According to one U.S. epidemiologist, the monkeypox experience demonstrated that the world has made little progress since the 1980s AIDS epidemic. “As with the AIDS epidemic, sluggish responses from governments and international institutions, plus outright homophobia and bureaucratic bumbling, have hampered efforts to contain the outbreak,” wrote Gregg Gonsalves, an epidemiologist at the Yale School of Public Health in New Haven, Connecticut, in a commentary in Nature. “Very often, humanity has the ability to prevent and treat infectious disease; not doing so is a political choice.”

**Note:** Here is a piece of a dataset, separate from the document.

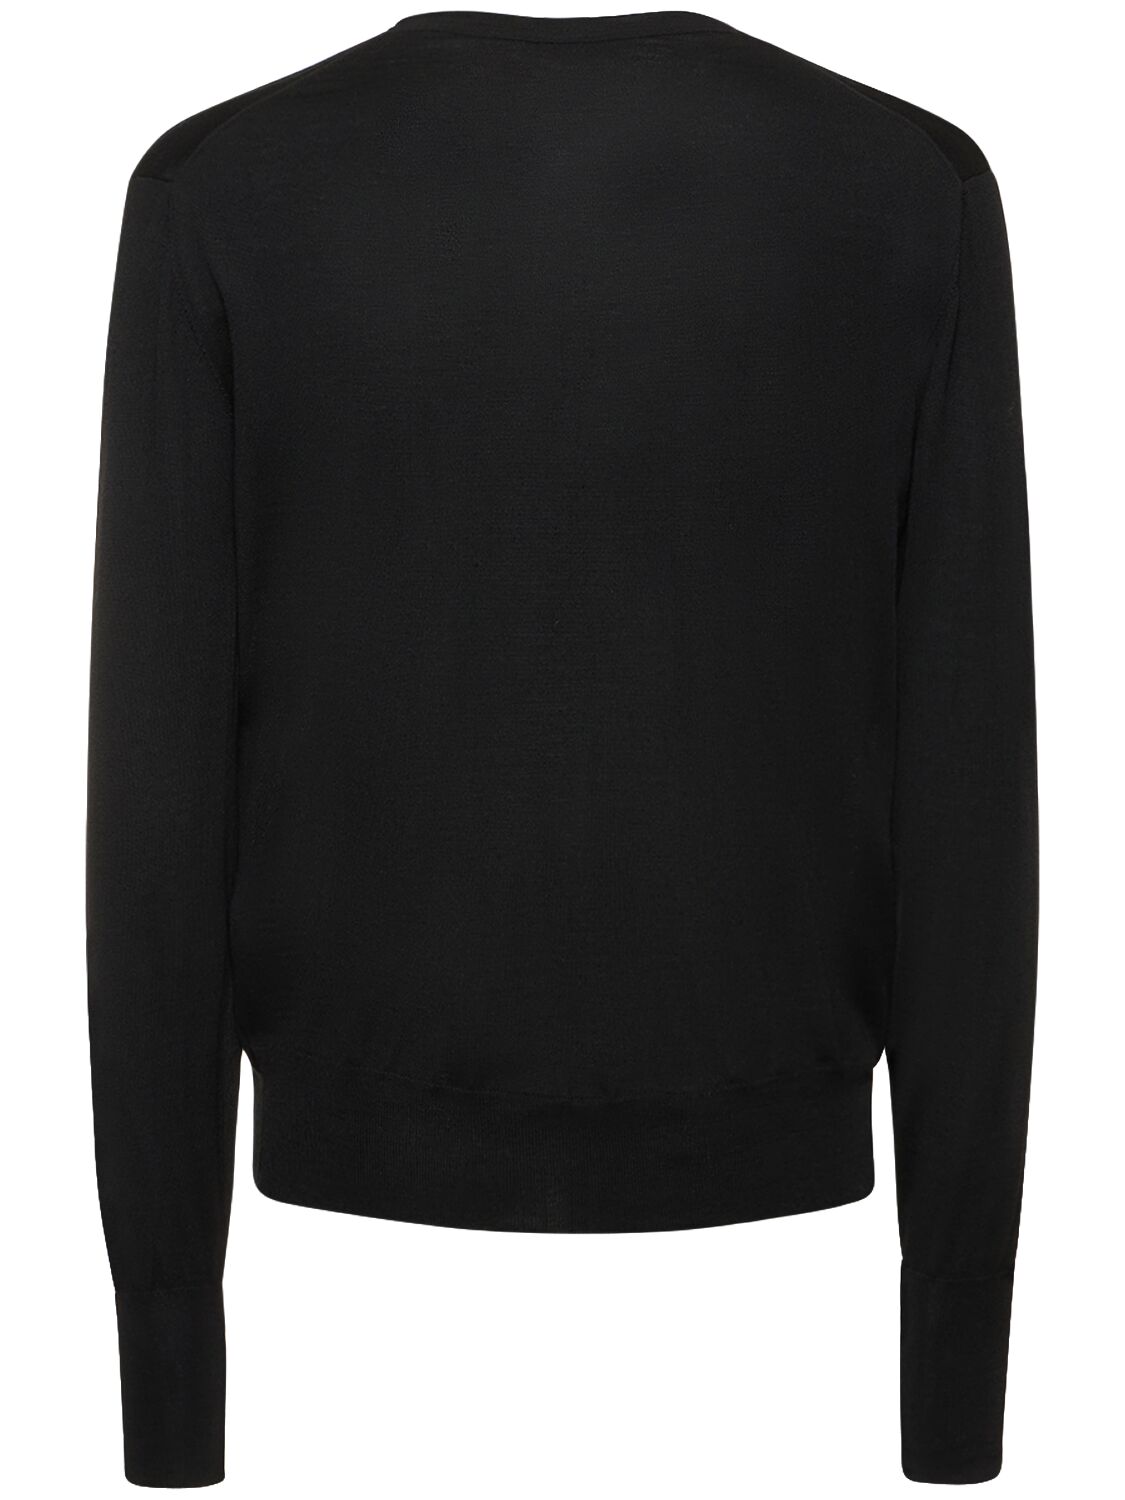 Image of Superfine Wool Knit V-neck Sweater
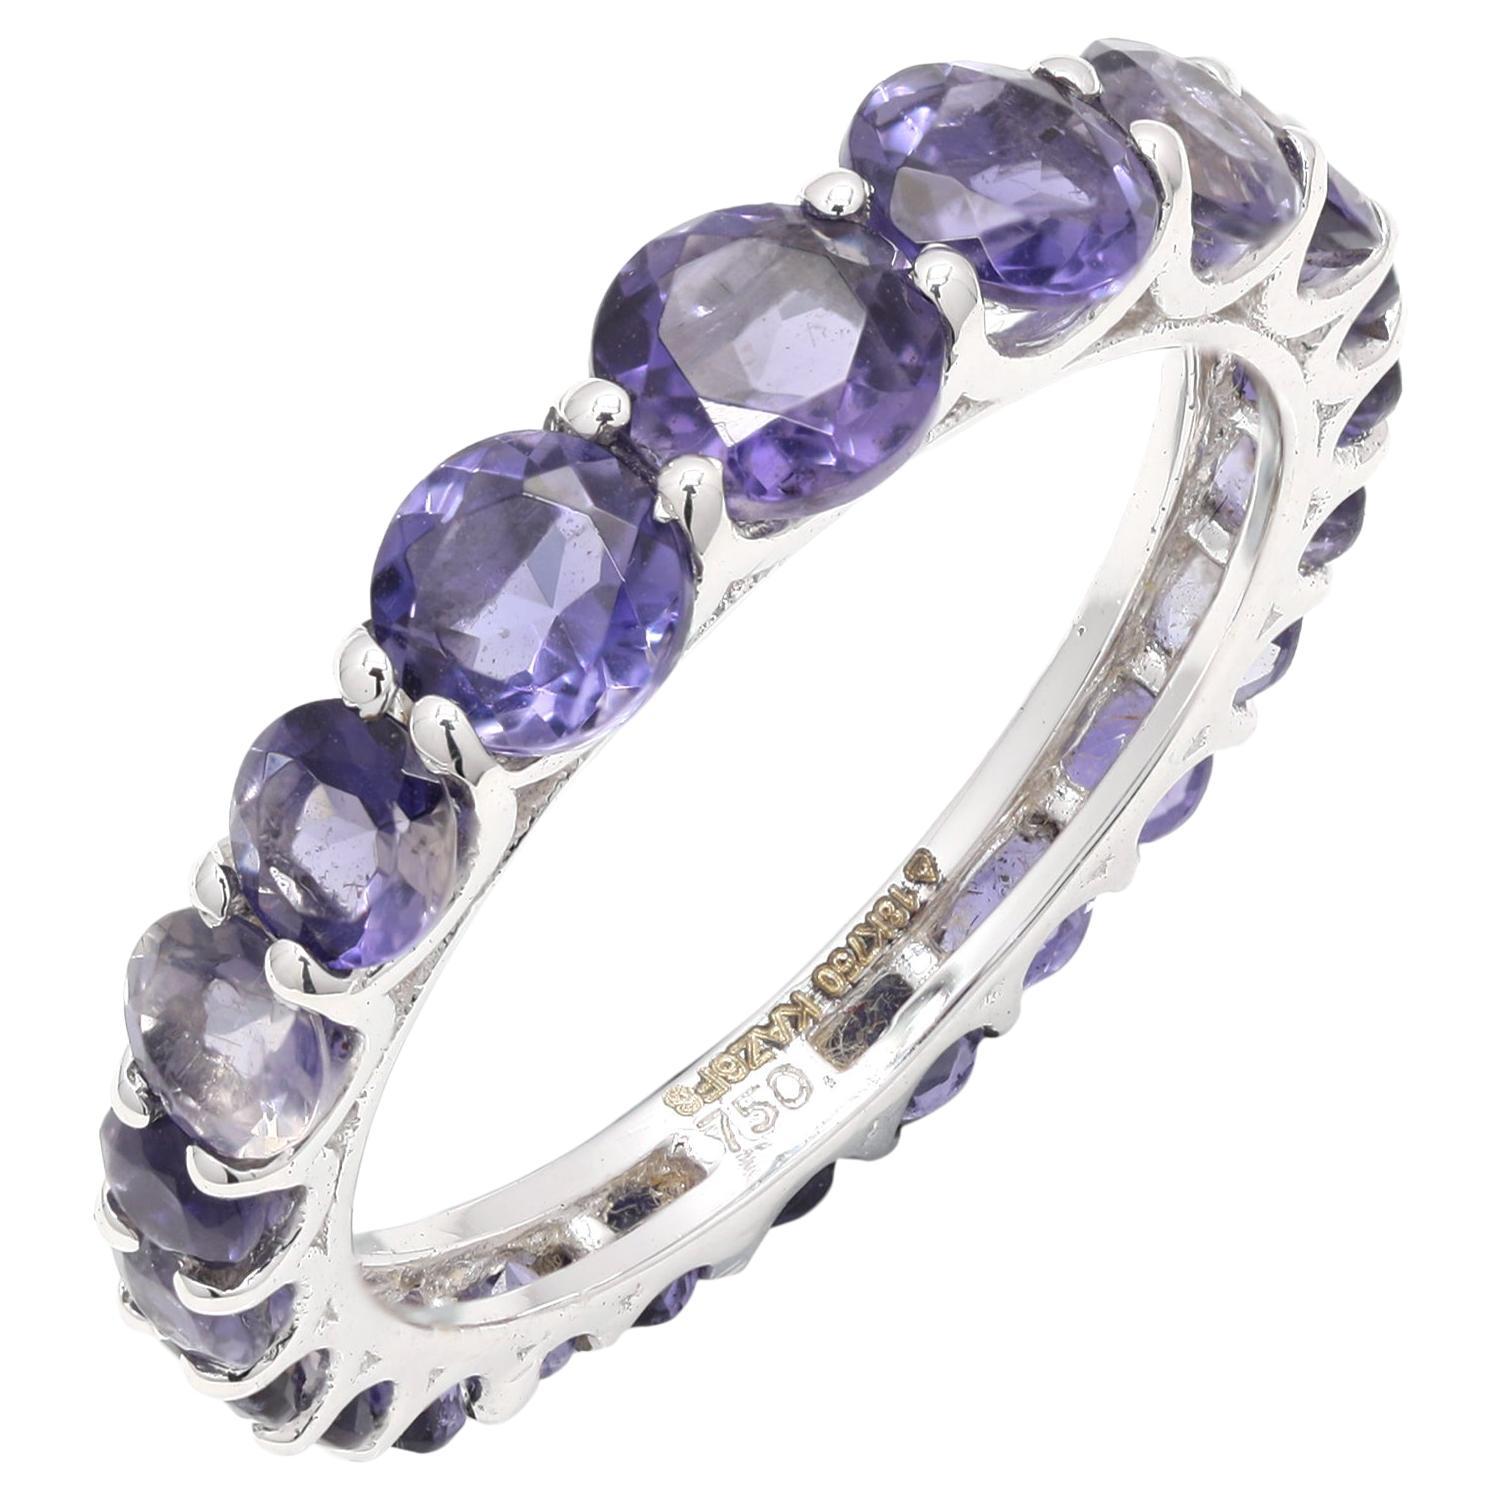 Stackable Eternity 2.27ct Iolite Gemstone Band Ring in 18k White Gold Settings

That said, public health officials around the world were applying lessons learned from the AIDS epidemic to monkeypox. “Local staff in the most affected states [in Nigeria] have reported that stigma, connected with commentary from across the world blaming gay people for monkeypox, is discouraging some people from seeking care,” said Dr Leo Zekeng, UNAIDS Country Director and Representative in Nigeria in August. “State Health officials are working to ensure that staff at health clinics are sensitized to break down such stigma, and not to reinforce it. State Ministry of Health officials are also embarking on community sensitization on monkeypox, emphasizing identification of symptoms, prevention and the need to get tested.”
In September, the U.S. FDA made a significant step forward in early detection of monkeypox by authorizing emergency use of in vitro diagnostics for the detection or diagnosis of monkeypox. These diagnostics may detect the monkeypox virus specifically or more generally detect non-variola orthopoxviruses, which include monkeypox virus.